# Agouti X Agouti = ?



## Kaz115836 (Feb 20, 2012)

Ok...I'm planning on breeding two sibling agoutis together and am curious what will come from it...

Their mom was PEW and their dad was self black.


----------



## candycorn (Oct 31, 2011)

Agouti

If you don't know the pedigree of both parents, then you might get all kinds of surprises! 
I don't usually breed sibling to sibling though since that seems to lead to more issues than breeding a doe back to her father. 
If you did that you would get agouti and black.


----------



## Frizzle (Oct 6, 2011)

And PEW.


----------



## Kaz115836 (Feb 20, 2012)

Ah ok. I figured I would get those. Thanks for quick replies.  
I probably won't do it after all, just wanted to ask first.


----------



## Frizzle (Oct 6, 2011)

If you still have the parents, you could try crossing a sibling back to each.

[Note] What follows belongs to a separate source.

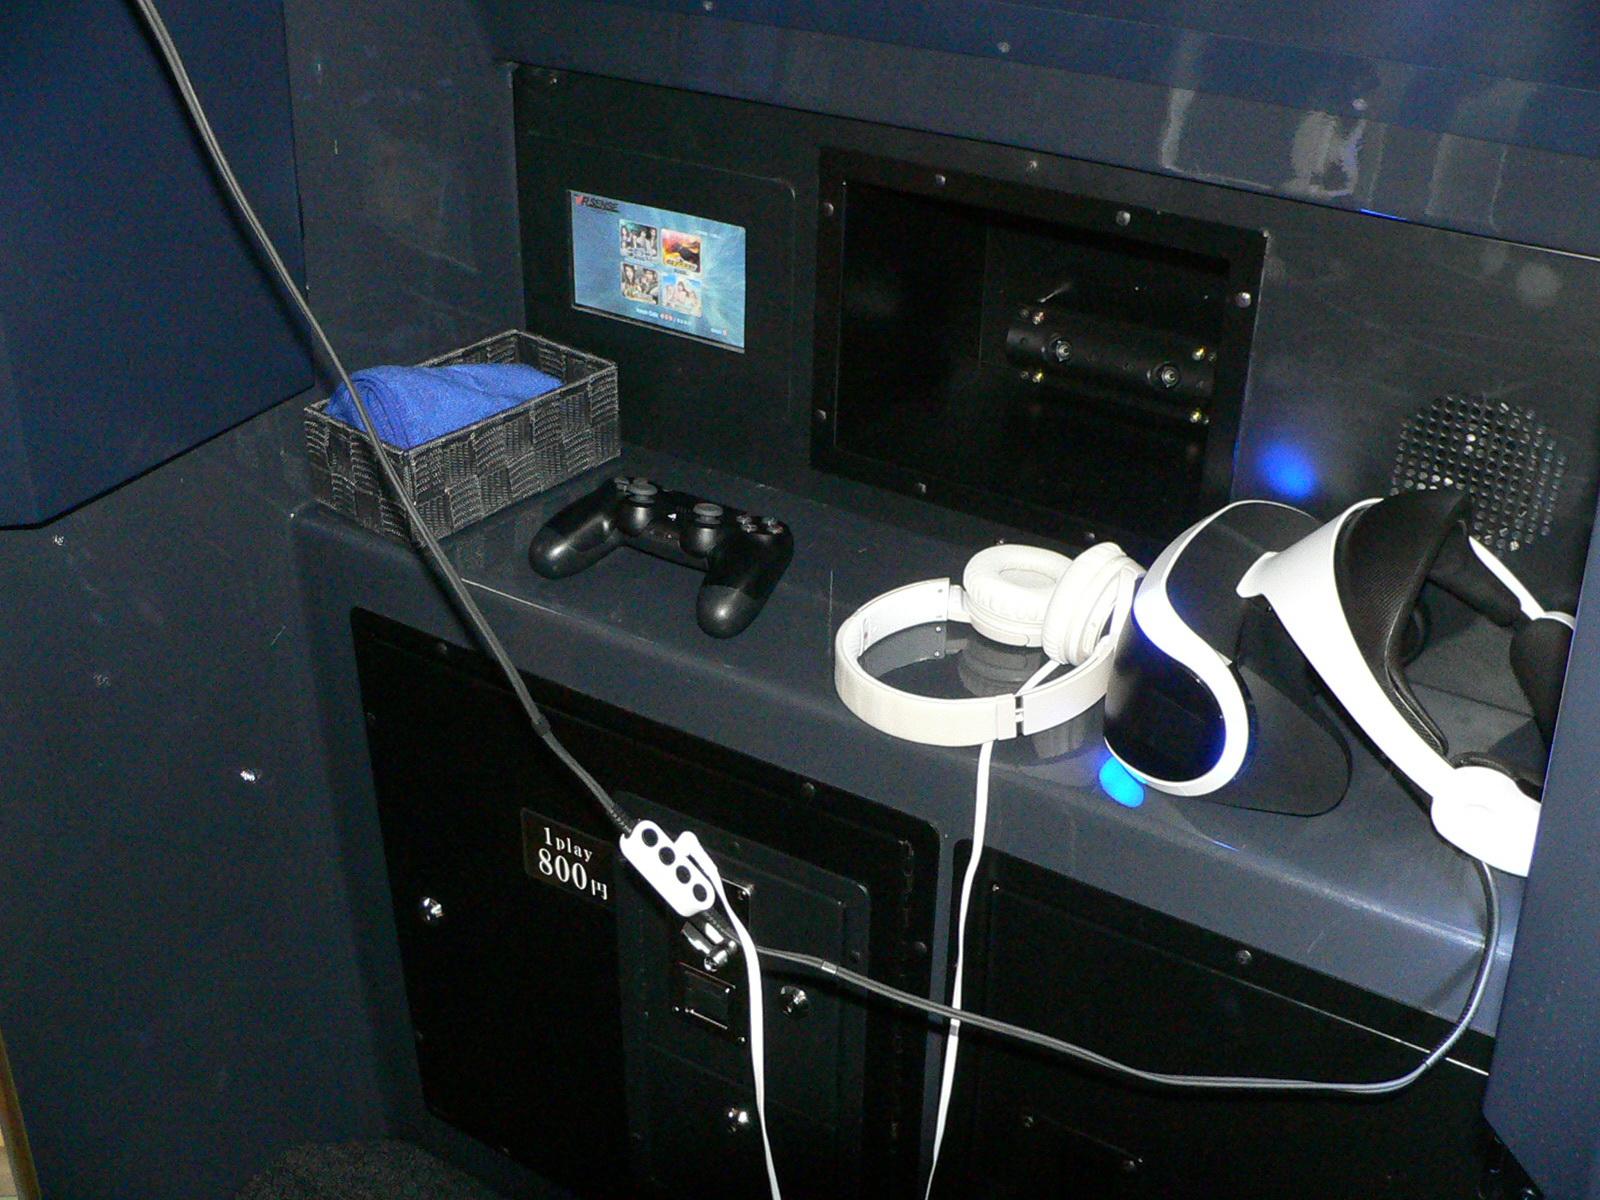 HMD(ヘッドマウントディスプレイ)とヘッドフォンを装着し、DUALSHOCK 4を使用してプレイする。操作ガイドは、筐体内にあるモニターに音声付きで表示される(※HMDのディスプレイ内にも表示される)。プレイ中はシートが上下左右に動くため、シートベルトの装着も必須だ

The generation after that you could try to cross the "cousins" to see what expresses itself.


----------



## tinyhartmouseries (Dec 30, 2010)

Many qualified and experienced breeding breed sibling to sibling. When you hear people talk about "F1" "F2", etc, that is what they are doing. It is a very fast way to both draw problems out of your line and also to pull out recessive colors and improve type.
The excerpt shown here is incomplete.